Terminal devices would no longer be constrained by their hardware configurations if the potentials are realised and the constraints are overcome. Anything that is only feasible on a high-end device may be presented to players on mobile phones with negligible latency. Meanwhile, game creators would no longer have to take hardware restrictions into account when creating games and are even able to implement optimisations that are dedicated to the more unified remote rendering hardware, which would simplify the development process and lead to better performances. Existing mobile devices may potentially swap out the rendering hardware for network-enhancing modules, which typically require less space and battery power. Such enhancements would be particularly noticeable on mobile phones, VR, or other wearable technology.

New opportunities in cloud gaming are also promised with the increase in web-based network speed. Several contemporary cloud services, like Parsec, offer WebRTC-built browser clients, albeit less responsive than the client versions that must be downloaded and installed [35]. Cloud services accessible via websites could eventually reach a performance comparable to that of an installed version thanks to the growing support for QUIC in web browsers.

6.4. Additional Online Gaming Frameworks

Although UDP has already been used by developers to get satisfactory results, a significant number of improvements must be made before the protocol can be utilised for data transfer to assure a fundamental degree of security and serialisation. The adoption of specific frameworks that offer the capabilities required for various game genres would be advantageous for developers.

Such technologies might further diversify into different frameworks aiming at various game genres and gaming environments in the future. The networking procedure for an online game might be made simpler by such developments, but creators could find the growing number of possibilities to be daunting. Such genre-specific networking solutions could be integrated into current frameworks as templates, which could be better maintained and documented while requiring fewer context switching. To identify possible dependencies and conflicts between network techniques and other frameworks, package management like npm may also be utilised.

7. Conclusion

As one of the fastest-growing markets, the online gaming industry is continuously gaining audiences and economic significance. The integration of network services as part of online gaming experiences will continue to develop as technology progresses, and numerous opportunities are opening up for the gaming business thanks to network technology improvements. As such, this summary of the use of network technologies in online gaming would provide some understanding of the most influential technologies hitherto and offer some predictions regarding the future of the gaming industry.

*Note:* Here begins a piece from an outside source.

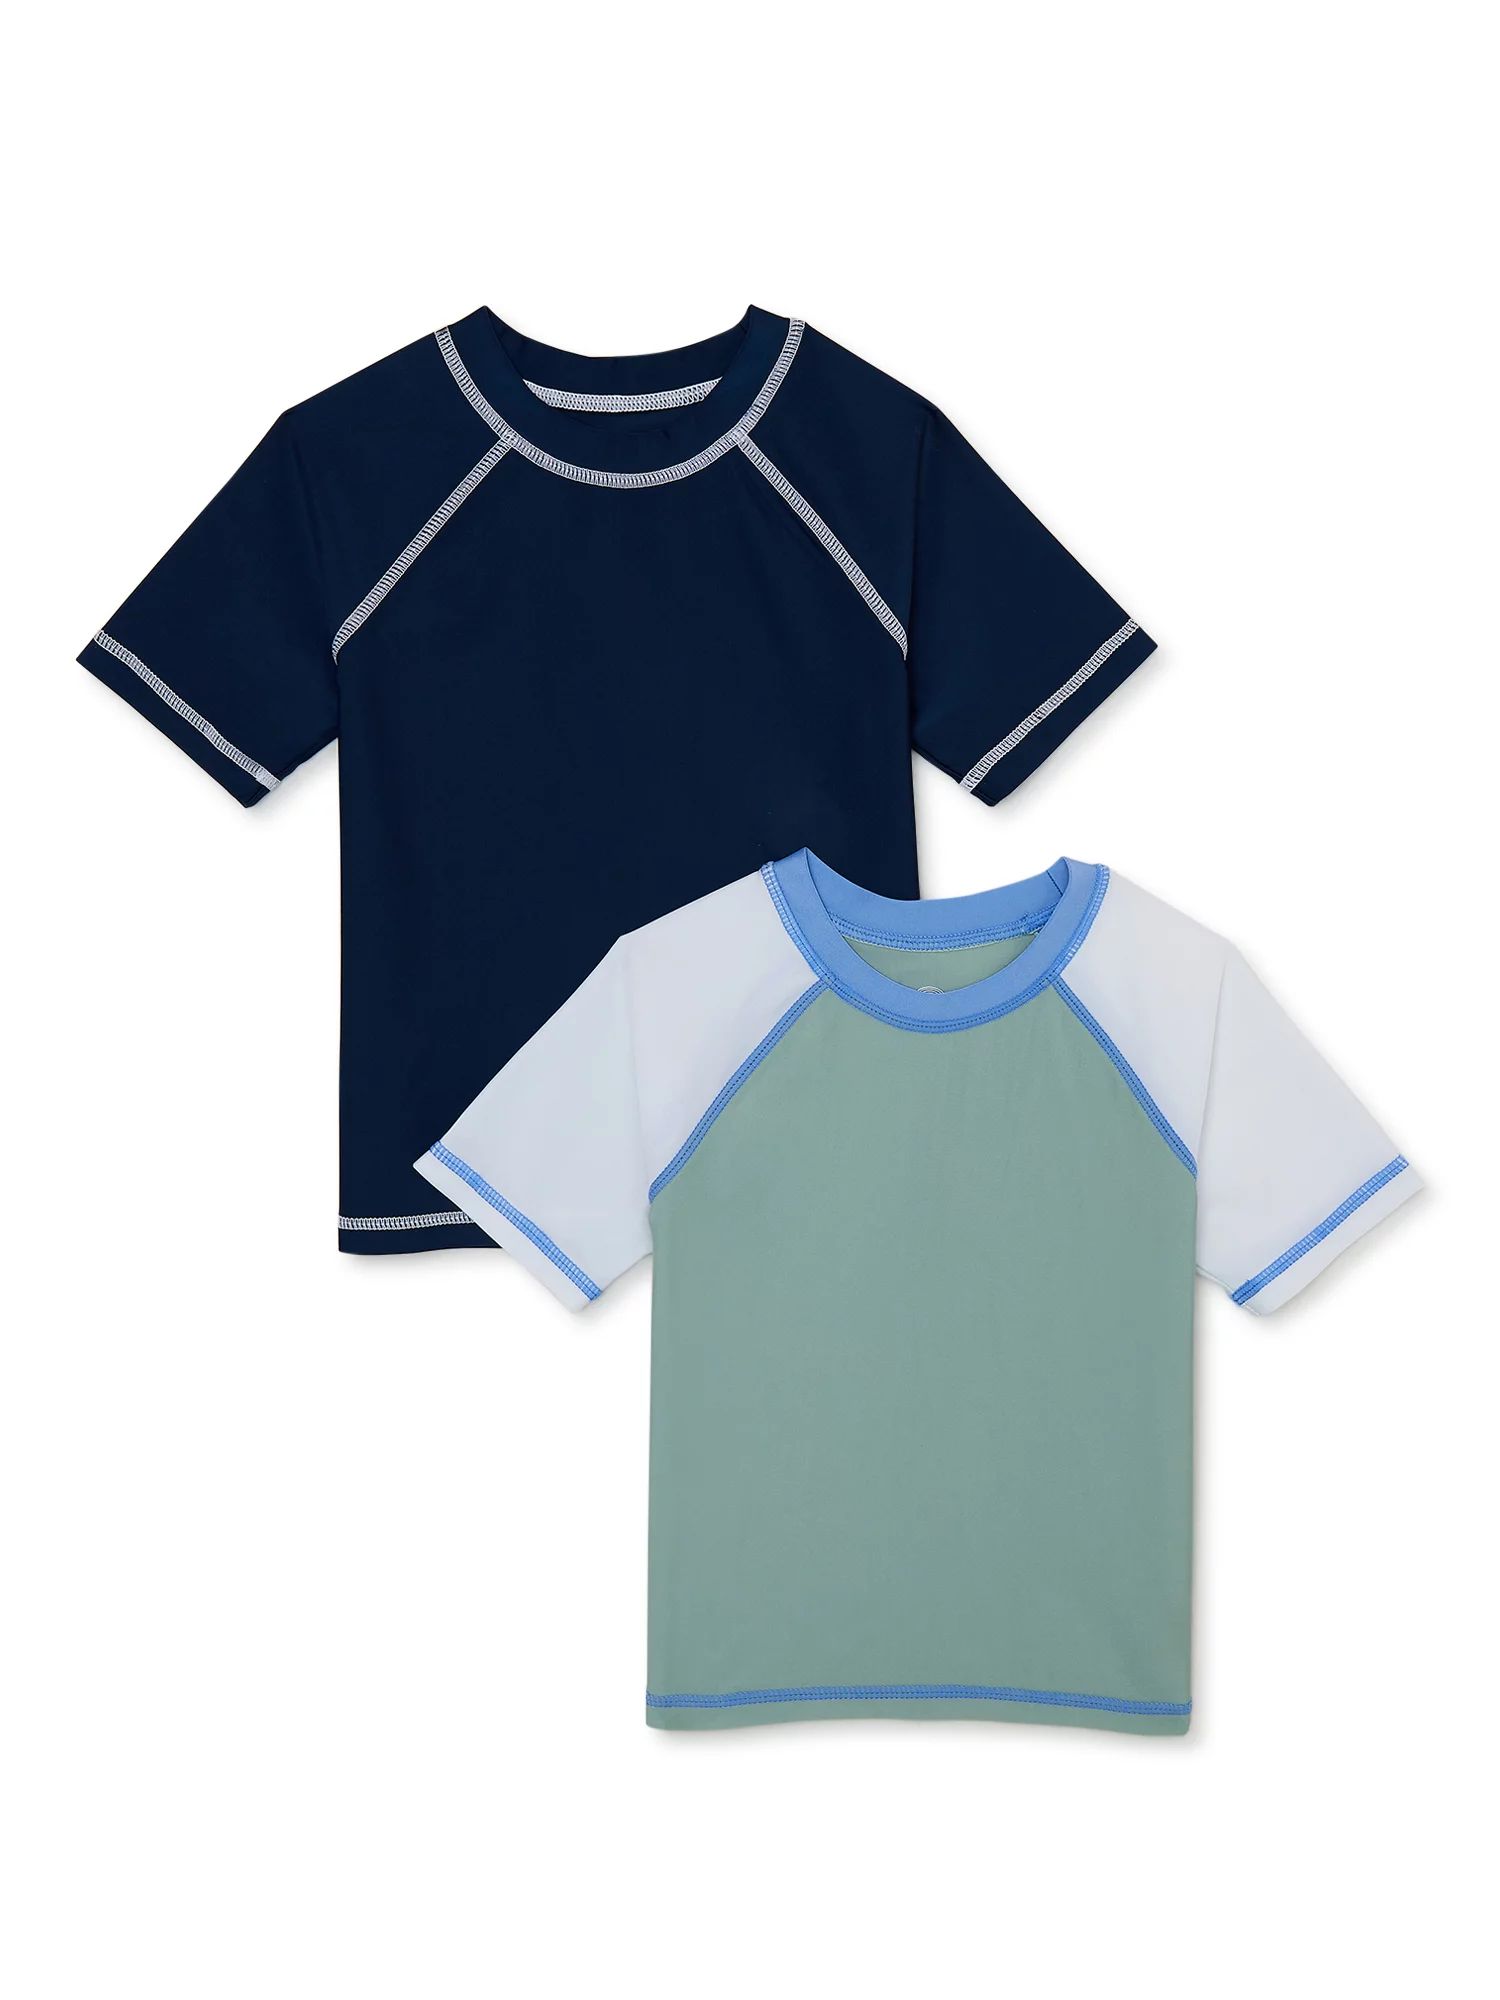 Wonder Nation Baby and Toddler Unisex Short Sleeve Rash Guard Tops, 2-Pack, Size 12M-5T | Walmart (US)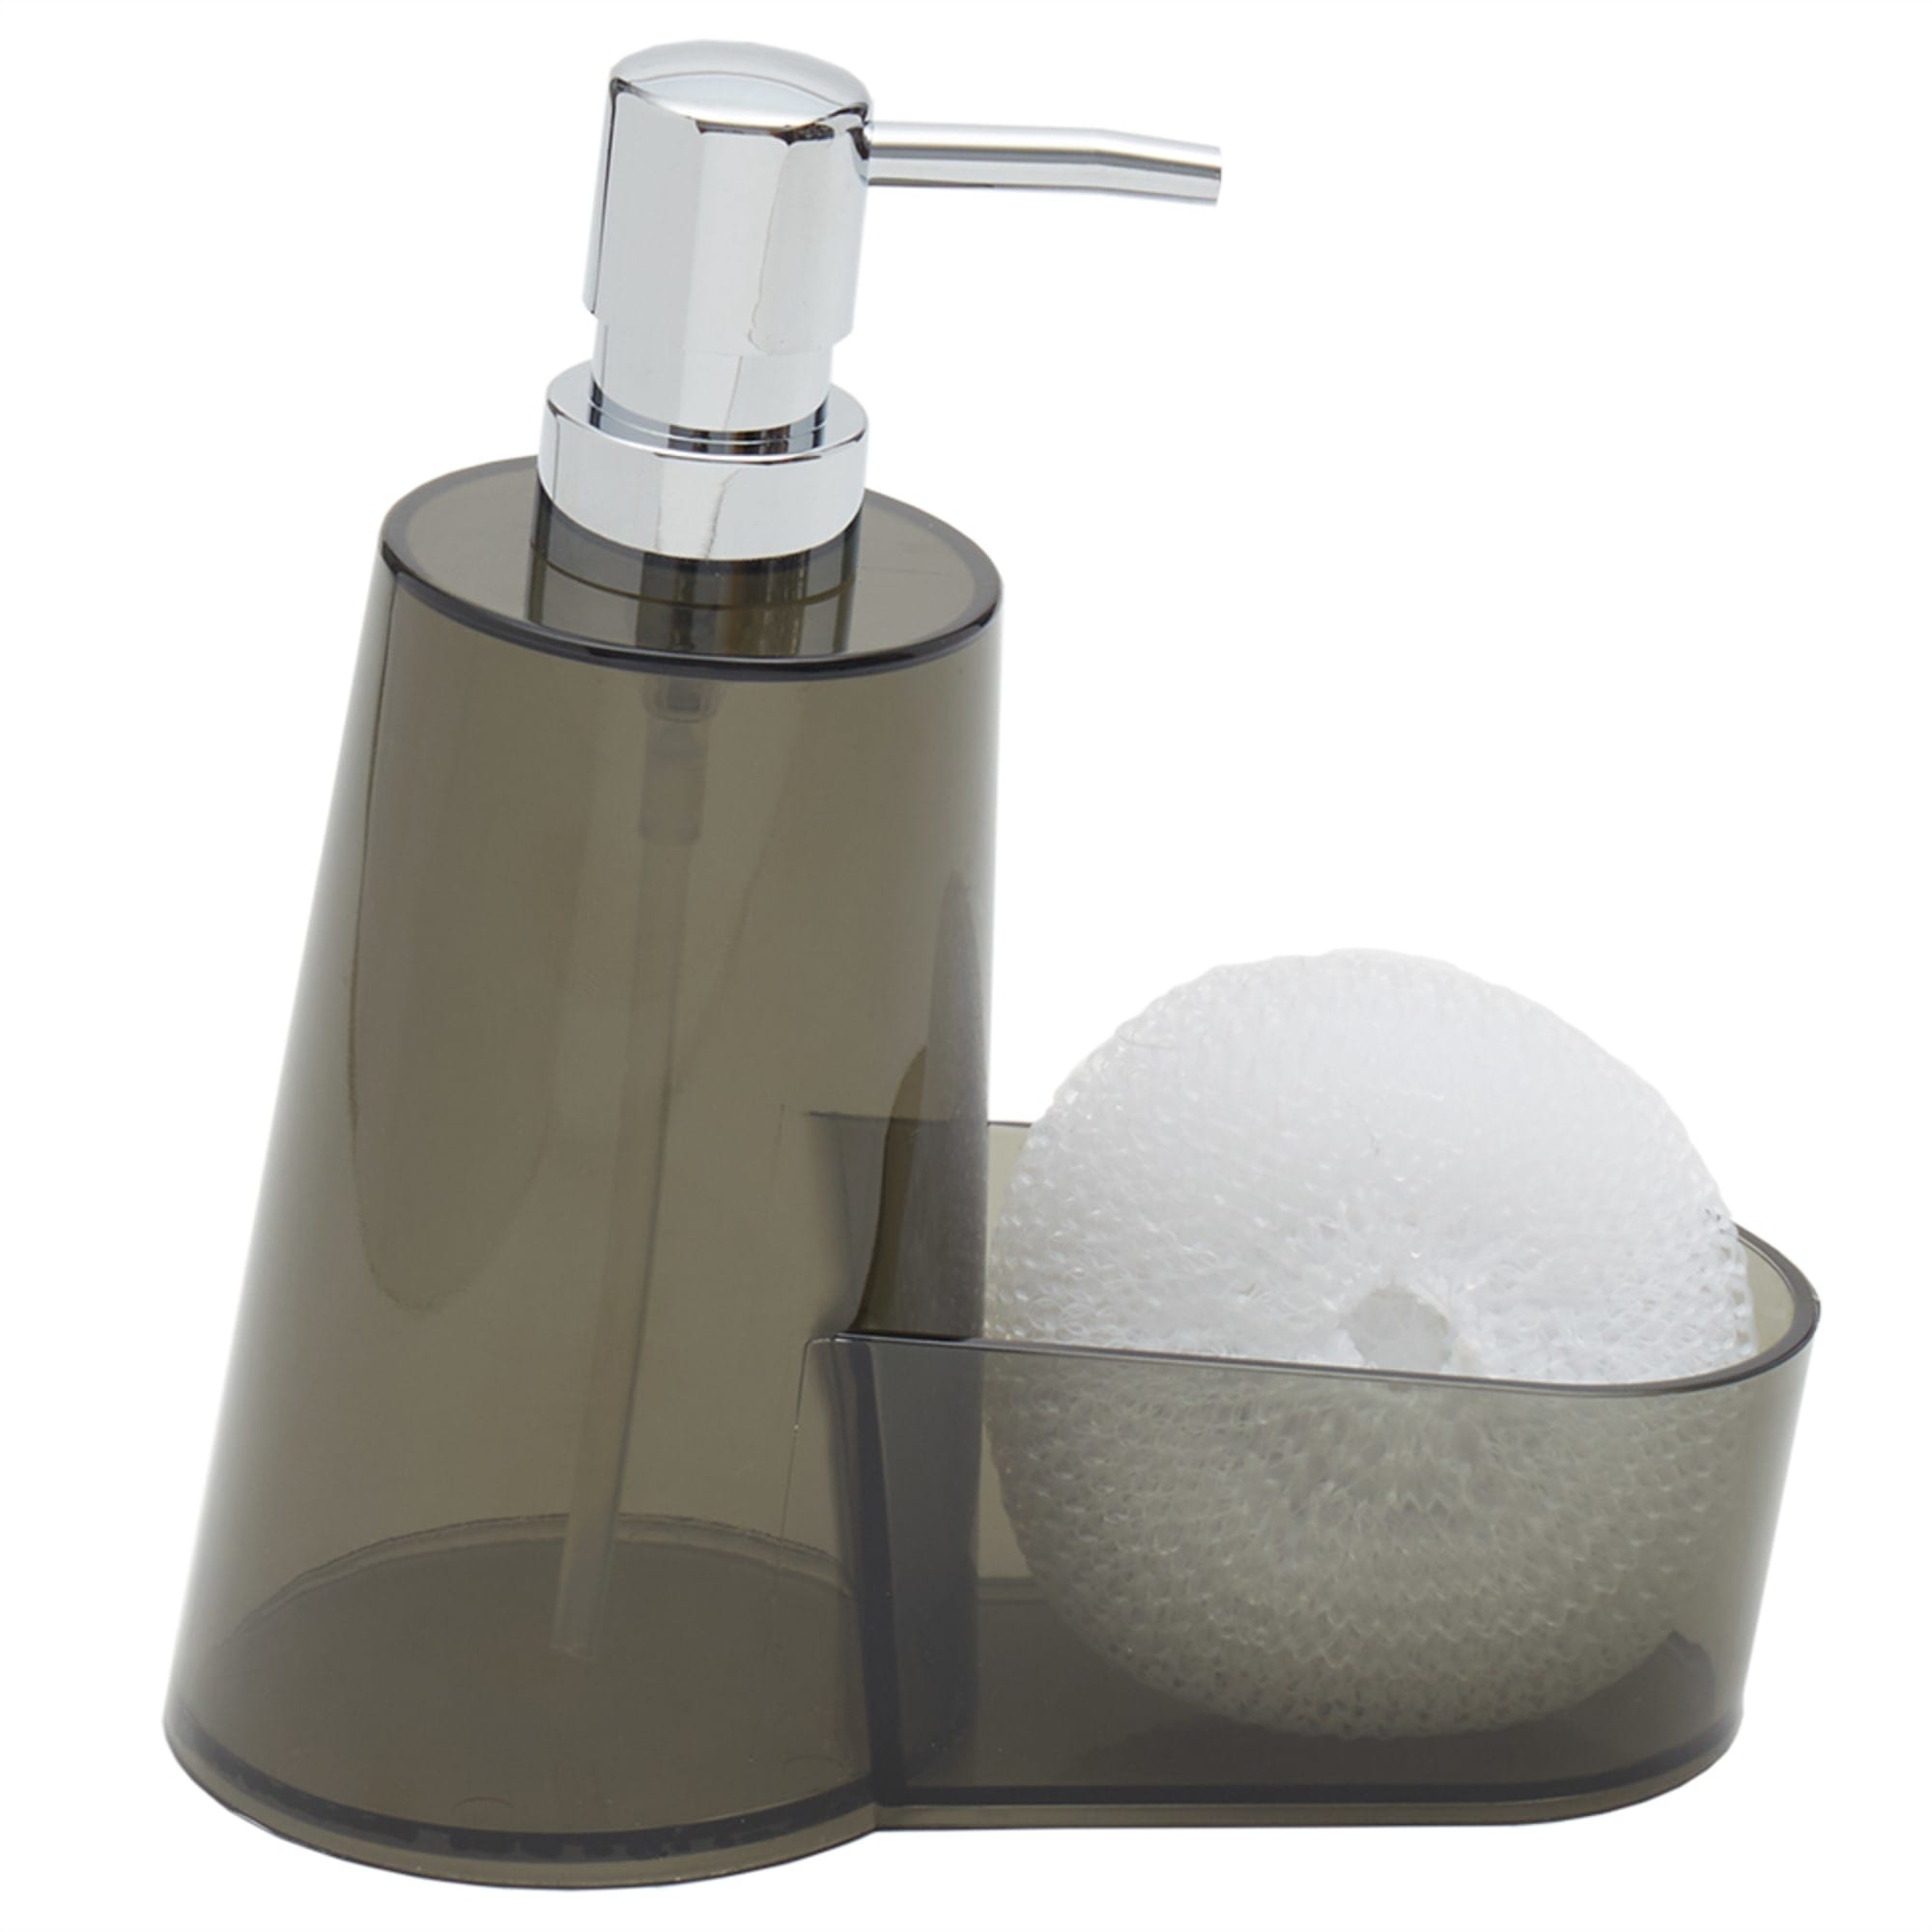 Home Basics 13.5 oz. Plastic Soap Dispenser with Sponge Compartment, Grey $4.00 EACH, CASE PACK OF 12

Although the predictions may not be thorough, they should offer a helpful introduction and encourage future discussion. This paper limits the topic to the software design of the gaming network as a whole, and there are still multiple detailed topics that require further research: resources are still scarce regarding the designs and traits of data transmission in the application layer of online gaming, and the overall topic could also be perceived with other new concepts such as 5G, video streaming, home broadband and local area network in mind. Future studies could supplement other factors or designs, both in hardware and software aspects, that could as well contribute to the quality of service in online gaming, or perform more thorough research or discussion on a single related topic.